En diplomatie d'envergure, ce ne sont pas les déclarations tonitruantes qui comptent, mais les décisions discrètes
La Norvège a refusé de devenir membre du «Conseil de la paix» — une initiative du président américain Donald Trump visant à régler le conflit dans la bande de Gaza et potentiellement d'autres crises. C'est ce qu'a déclaré le vice-ministre des Affaires étrangères Andreas Motsfeldt Kravik dans une interview au podcast Aftenpodden. La décision a du poids non seulement en tant que refus isolé : elle met en lumière des risques juridiques et politiques qui peuvent également concerner l'Ukraine.

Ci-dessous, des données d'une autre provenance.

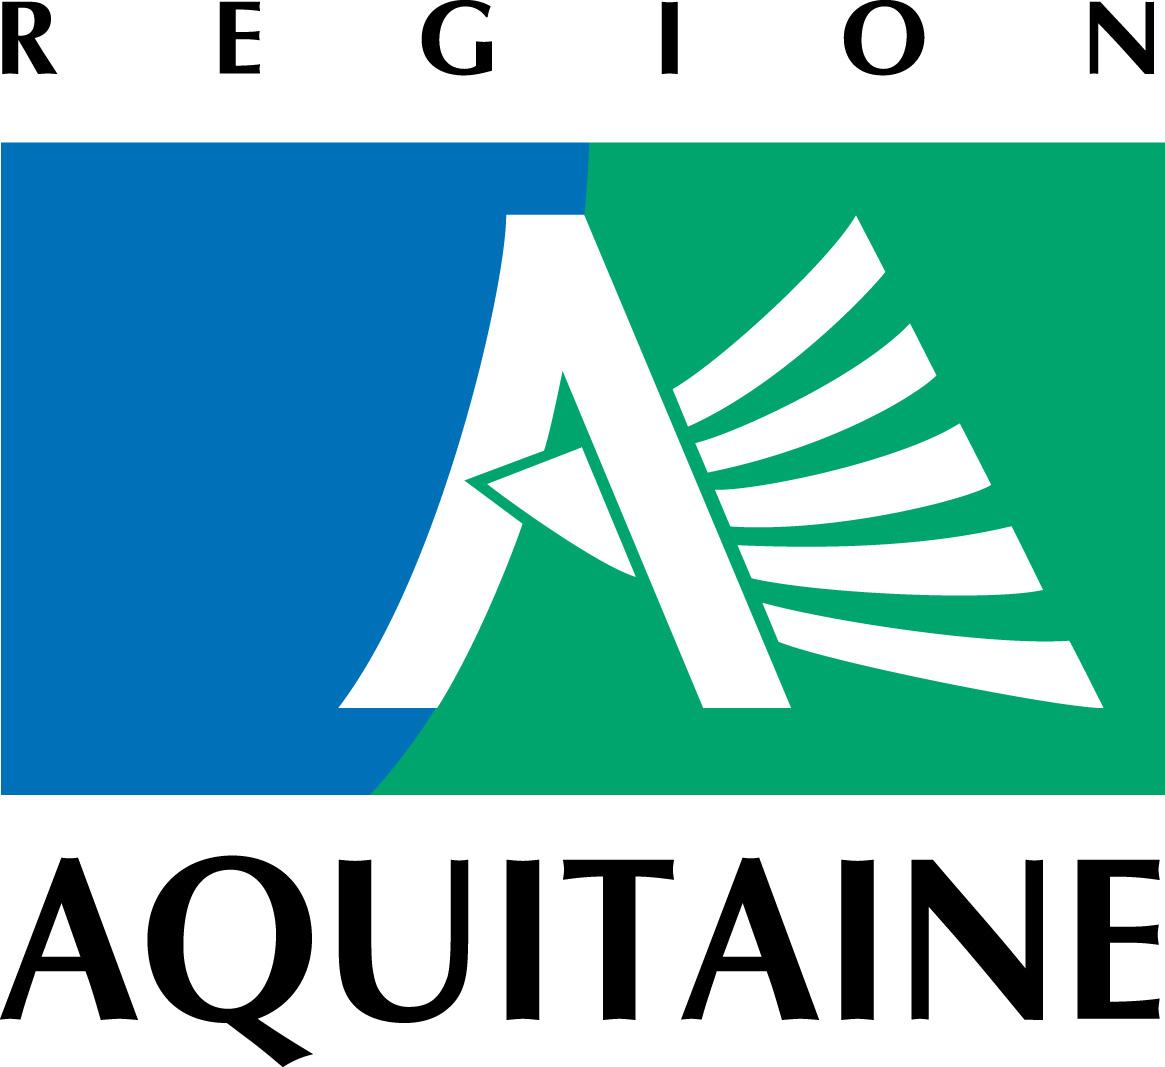 Conseill régional d'Aquitaine

Pourquoi la Norvège a refusé
Kravik a clairement indiqué le principal obstacle : la Norvège ne peut pas rejoindre une structure qui remet en cause le rôle de l'ONU et les principes établis du droit international. Selon lui, le statut du Conseil prévoit un mandat bien plus large que le seul travail sur la paix à long terme à Gaza, et cela crée un précédent.
«Il est parfaitement évident que nous ne pouvons pas faire partie d'une structure qui remet en cause le rôle de l'ONU et le droit international existant. Ce serait absolument impossible pour nous. Et pas seulement pour nous, mais aussi pour la grande majorité des pays qui placent l'ONU et le droit international au cœur de leur politique étrangère.»
— Andreas Motsfeldt Kravik, vice-ministre des Affaires étrangères de Norvège
Contexte supplémentaire : Bloomberg rapporte que Trump a invité environ 50 pays, mais que tous n'ont pas confirmé leur participation, et qu'un siège permanent serait assorti d'un montant de 1 milliard de dollars. Le Financial Times ajoute que Trump prévoit un Conseil de la paix similaire pour l'Ukraine, et que des représentants de la Russie recevraient également une invitation.
Qui d'autre refuse et pourquoi c'est important
La France a déjà annoncé qu'elle ne se joindrait pas — en partie en raison de l'inclusion de la Russie et de la Biélorussie sur la liste. Cette série de refus fait office de signal : le milieu diplomatique penche de plus en plus vers l'idée que la création de forums parallèles à la légitimité douteuse mine le rôle des institutions multilatérales.
Ce que cela signifie pour l'Ukraine
Pour nous, l'enjeu n'est pas seulement symbolique. Si l'on prévoit des forums post-conflit hors mandat de l'ONU — et si, parallèlement, on offre une plateforme aux États agresseurs — cela crée des risques de normalisation d'approches qui affaiblissent les mécanismes de responsabilité et la répartition de l'aide. Autrement dit : si l'on peut contourner l'ONU aujourd'hui pour Gaza, demain il pourrait être tentant de faire de même dans d'autres crises, y compris en ce qui concerne l'Ukraine.
Conclusion
Le refus norvégien est un test de la résilience de l'ordre international : les partenaires sont-ils prêts à défendre le rôle de l'ONU et du droit international, même lorsque surgissent des initiatives alternatives politiquement avantageuses ? Pour l'Ukraine, c'est un signal — être vigilante quant aux formats dans lesquels sont traitées les questions de paix et de sécurité, et insister sur des mécanismes transparents plutôt que sur des forums de communication rapide.
Ensuite — aux partenaires : les déclarations doivent se transformer en règles claires de participation et de responsabilité. Sinon, le risque de précédent augmente — ce qui affectera la confiance dans le système international, que l'Ukraine contribue aujourd'hui à défendre.